In Stanton’s account, it was legal defense cases that made the Communists and their allies seemed to be the Americans who cared about extreme injustice and willing to do something about it. “Legal lynchings,” often a charge made by a white woman to cover up her own suspicious activity (such as an affair or even flirtation across racial lines), brought in defense attorneys and investigators. The League of Struggle, International Labor Defense and other organizations within or close to the Communist Party orbit outraged Southern officials but encouraged humanitarians of all kinds to think justice might come.
The defense of the so-called “Scottsboro Boys” accused of raping two white women (one repented and actively gave testimony in their favor) and sentenced to long prison terms, was galvanizing and not only for Communists.

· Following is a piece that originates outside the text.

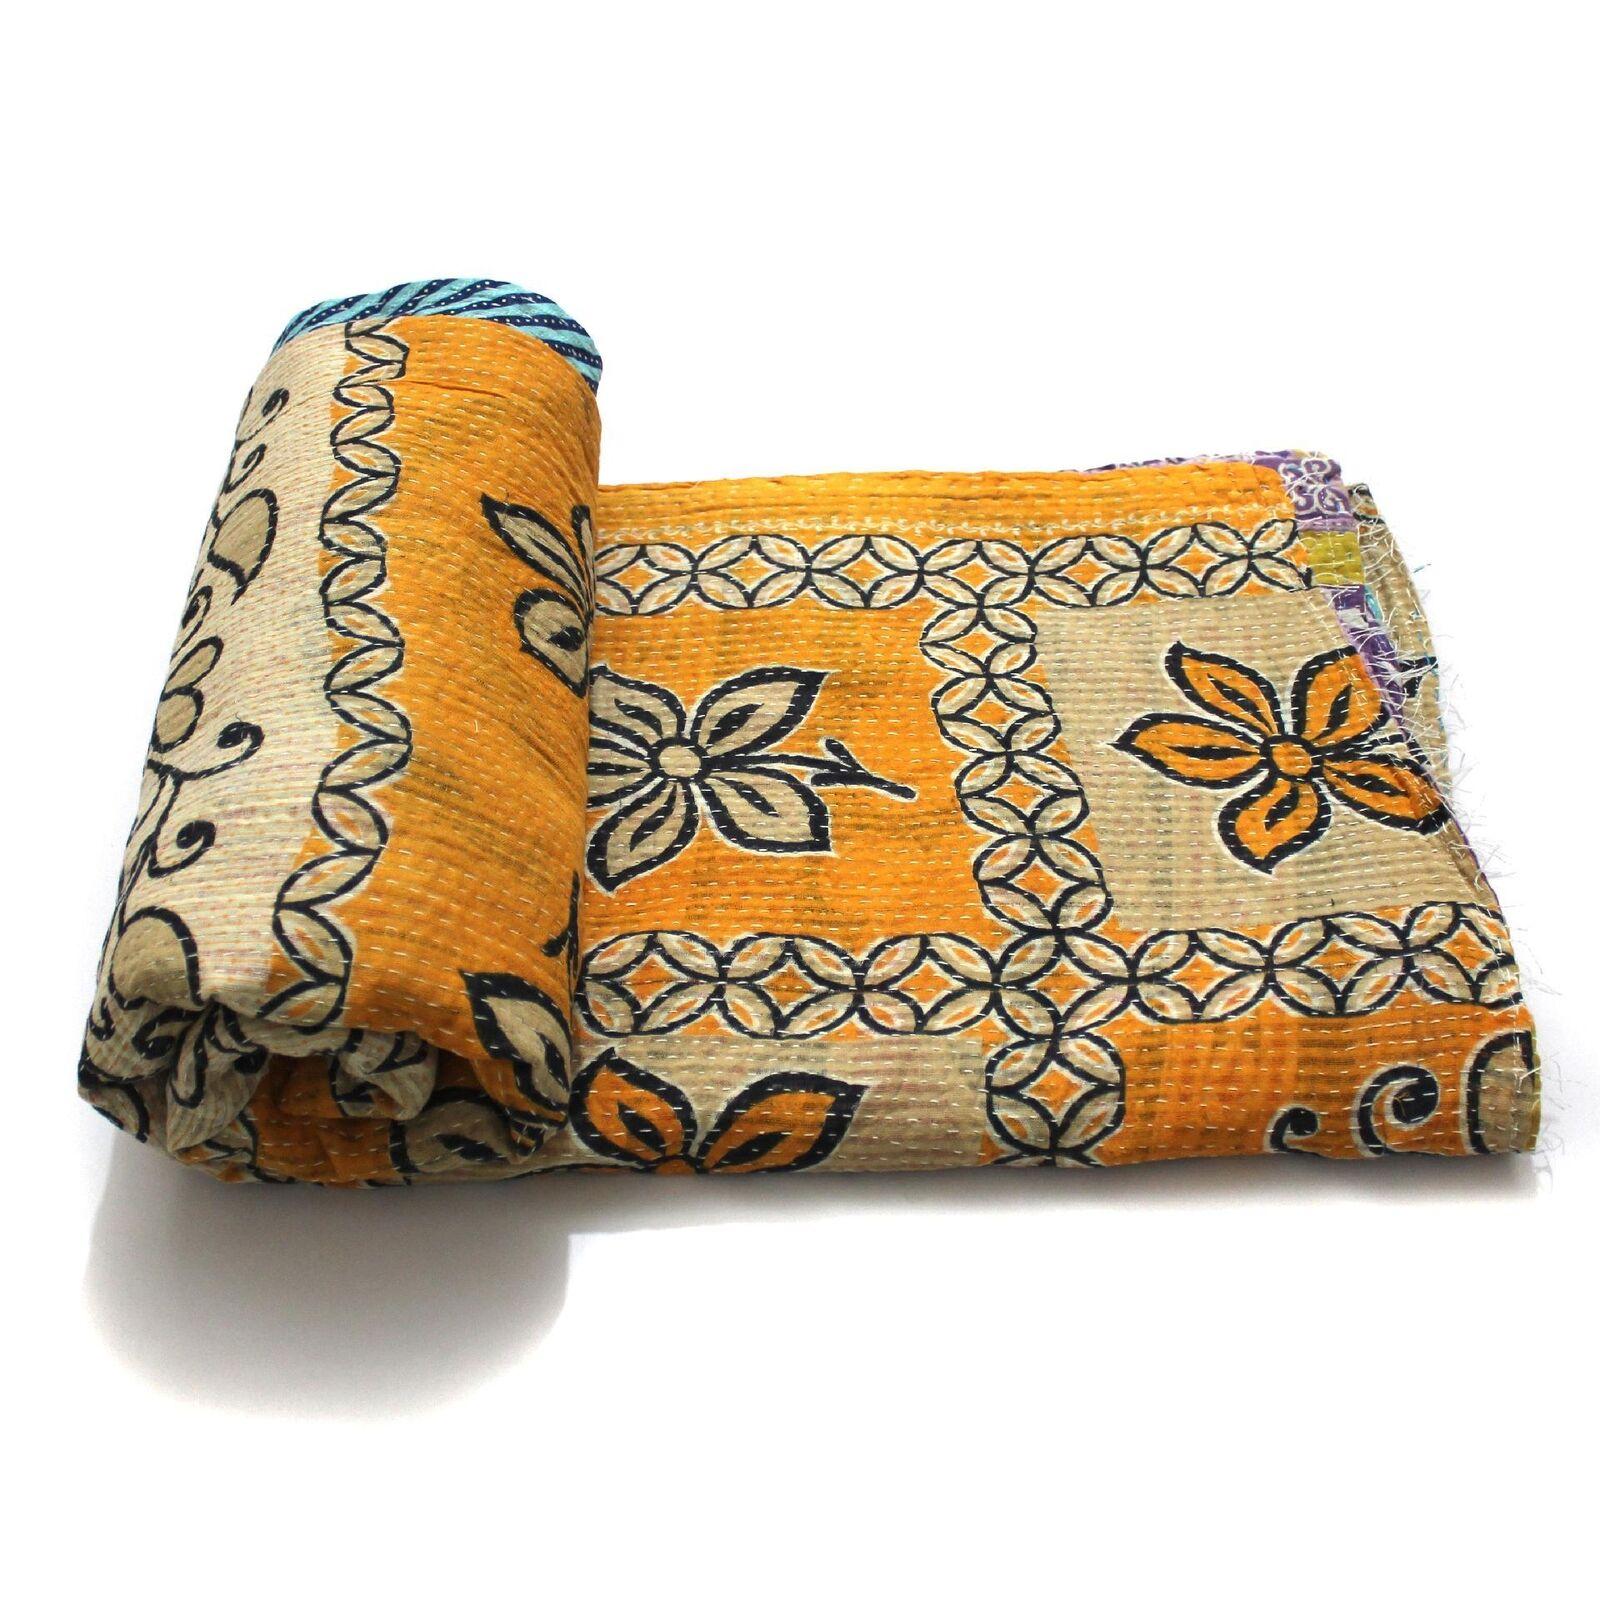 Vintage Kantha Quilt Indian Handmade Cotton Bedspread Saree Throw Bedding Cover

It was typical of the South that a “Norman Thomas Study Club” of Birmingham, meeting in the basement of Temple Beth El, with the active membership of the new rabbi, along with assorted pacifists, Christian socialists and a few outright communists.
In a way, this odd alliance of types forecast the Popular Front turn that we find in the final chapters. A characteristic figure, Joe Gelders—son of a prominent Alabama restaurateur and himself a physics professor beset by sickness and in need of surgery—put himself forward as a Red. By the end of the 1930s, and thanks in part to the New Deal’s effects on the South, the Mine, Mill and Smelters union had actually built a base for unionization in Birmingham. Beaten terribly on a city street, his heart muscle punctured by a broken rib, Gelders nevertheless took the case of the union organizing Bessemer Steel to the La Follette Committee in Congress. An agreement with a union local was signed, something that would have been considered earlier to be impossible in the racist and reactionary Deep South.
Meanwhile, the CP and its friends launched the Southern Conference for Human Welfare, whose Report on the Economic Conditions of the South, offered decisive evidence that the Southern economy purportedly defended against communists was mostly owned by outsiders. Reds, therefore, were not the key “invaders” after all. Eleanor Roosevelt even arranged a meeting between Gelders and the president. Anti-lynching legislation was prepared (a local newspaper editor called this an attack on the “folkways of our people,” p.150).
The SCHW had gone where no other national organization was willing to go, and that is surely the chief lesson of the CPUSA in the South. Gelders himself launched the Southern News Almanac in 1940, with contributors as notorious (or distinguished) as Pete Seeger, a paper with more appeal than any Communist publication could gain.
Such efforts could not hold on with the coming of the War or, differently said, gave way to new projects like the Southern Negro Youth Conference, which held on until the Cold War’s full effects hit the Southern left with terrible effort. In another sense, the defeats of ardently pro-New Deal candidates in 1938 elections had forecast the limitations of the Left in large parts of the South.
One of the prominent US labor historians, David Montgomery, told me after he had visited Birmingham, that dozens of African American elderly, retired steelworkers, kept their membership in the Communist Party until their last days. The Southern Left had not failed them, and in that famous long arc of history, the effects of heroic struggles had been imprinted on a region and its future in civil rights and social justice.##
Paul Buhle is retired from Brown University, and remains active in labor history.